▶ Task to complete
Exactly as they appear below, repeat the lines from the one with "Christmas Stocking With" through the one with "Miribel, France - January", and no others.

▶ Supplied material
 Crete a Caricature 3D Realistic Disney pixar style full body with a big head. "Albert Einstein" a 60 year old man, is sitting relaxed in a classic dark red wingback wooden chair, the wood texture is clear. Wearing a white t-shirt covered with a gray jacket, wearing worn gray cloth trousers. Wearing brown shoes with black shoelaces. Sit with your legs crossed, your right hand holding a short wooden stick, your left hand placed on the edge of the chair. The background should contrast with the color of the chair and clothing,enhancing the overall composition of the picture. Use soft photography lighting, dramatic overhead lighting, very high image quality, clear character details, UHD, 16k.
==
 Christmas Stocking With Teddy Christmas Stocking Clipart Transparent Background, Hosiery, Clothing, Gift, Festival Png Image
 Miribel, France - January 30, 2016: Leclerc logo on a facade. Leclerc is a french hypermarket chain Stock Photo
...
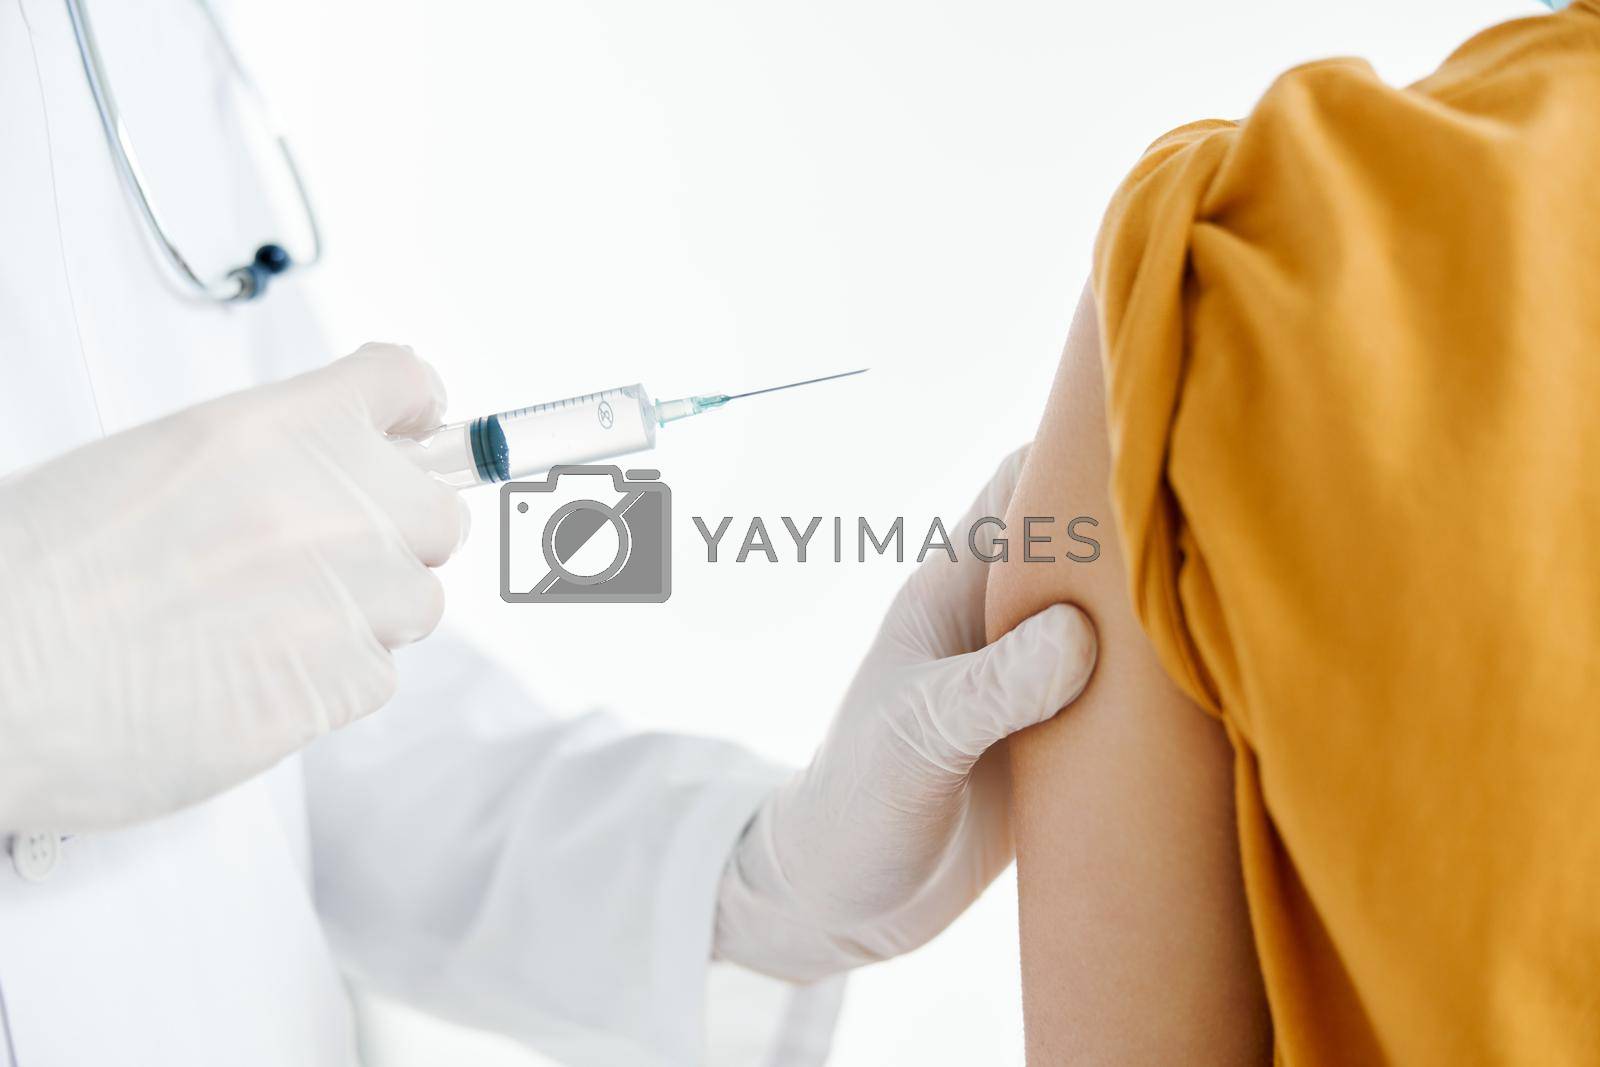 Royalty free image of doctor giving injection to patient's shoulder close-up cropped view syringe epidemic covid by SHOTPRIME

▶ Solution to the problem
 Christmas Stocking With Teddy Christmas Stocking Clipart Transparent Background, Hosiery, Clothing, Gift, Festival Png Image
 Miribel, France - January 30, 2016: Leclerc logo on a facade. Leclerc is a french hypermarket chain Stock Photo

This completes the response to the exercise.